Technocracy crushes every minority group that gets its way, including farmers and ranchers. Technocrats want you to eat their bioengineered, lab-produced food. The Blackrocks of the world want to gobble all of the natural resources (ie, land). This has been the plan started by the Trilateral Commission in 1973. Rockefeller spelled it out in The Use of Land , the UN spelled it out in Agenda 21 and the 2030 Agenda; Larry Fink (a Trilateral) spelled it out with the tokenization of all assets. It’s unmistakable and certifiable. If these loons are not stopped, they will create the “mother of all famines” on a global scale. ⁃ Patrick Wood, Editor.
I want to be very clear.
Yes, I am a regenerative farmer.
Yes, I farm without chemicals.
Yes, I speak publicly—on podcasts, from stages, and in print—about better ways to grow food.
But I never villainize farmers. Not conventional farmers. Not farmers locked into systems they did not design. Not farmers working with razor-thin margins, massive equipment debt, weather risk, and policy pressure stacked against them.
No one wants to be the generation that loses the farm.
And yet that is exactly what is unfolding across Europe right now…and quietly, steadily, in the United States as well.
Over the past two years, farmers across Europe have mobilized at a scale that should dominate headlines. Instead, it has been treated as background noise.
In the Netherlands, farmers have protested nitrogen rules that would force mass farm closures—even among low-input and regenerative operations. In France, farmers have blocked highways and surrounded Paris with tractors, protesting fuel taxes, land-use restrictions, and impossible compliance burdens. In Germany, tens of thousands of farmers drove tractors into Berlin over the removal of diesel tax exemptions that many farms rely on to survive. In Belgium, farmers dumped produce and manure outside EU buildings in Brussels. In Poland, Romania, and Hungary, farmers have protested cheap imports and regulations that apply to domestic producers but not foreign competitors.
These are not isolated events. They are sustained, multinational protests by people who feed entire continents.
And yet the coverage is minimal, fleeting, or framed as an inconvenient disruption rather than an existential warning.
European farmers are not protesting environmental responsibility. Many already practice conservation, reduced inputs, rotational grazing, cover cropping, and soil-building methods.
What they are rejecting is regulation divorced from reality.
Under policies driven by the European Union and initiatives like the European Green Deal, farmers face rules that impose arbitrary nitrogen caps per acre, treat synthetic nitrogen and organic nitrogen as if they are identical, require land to be taken out of production regardless of local context, and demand extensive reporting and compliance that small and mid-size farms cannot absorb.
This is no longer about practices. There are fully regenerative farmers—no chemicals, integrated livestock, biologically active soils—who are still being regulated to death.
Biology cannot be legislated by spreadsheet.

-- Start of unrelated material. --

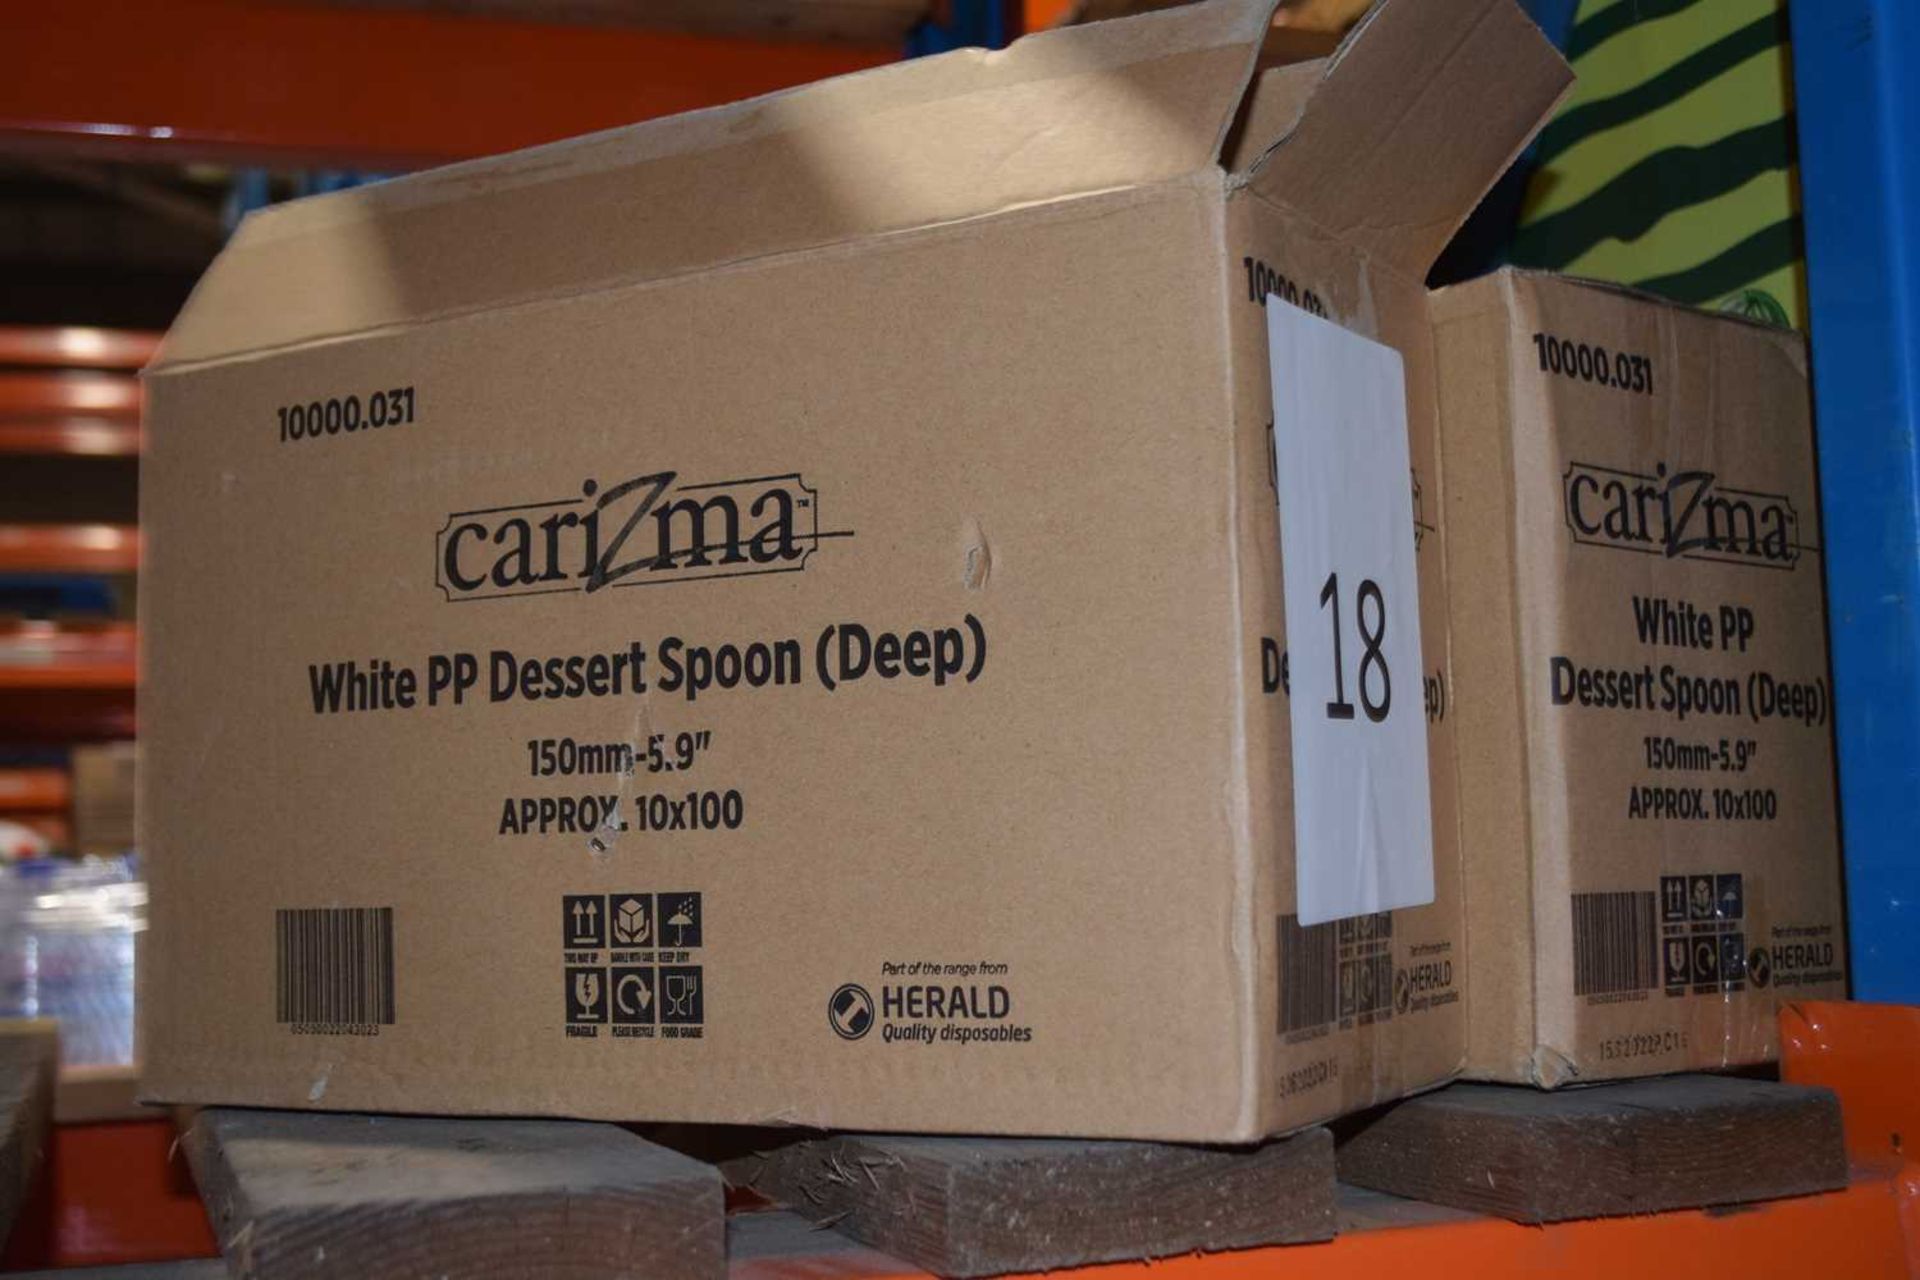 Two boxes of Carizma White PP Dessert Spoons (Deep), 150mm, approx 10,000 per box

Cows on grass are not the same as animals in confinement. Cover-cropped fields with livestock integration are not the same as continuous monocropping. Rainfall, soil type, slope, climate, and ecosystem function matter.
Yet modern regulation ignores all of this.
Instead, it relies on modeling, averages, AI projections, and “eco-science” disconnected from outcome-based measurement. These rules are written far from the fields, enforced uniformly across radically different landscapes, and paid for by farmers who were never invited to the table.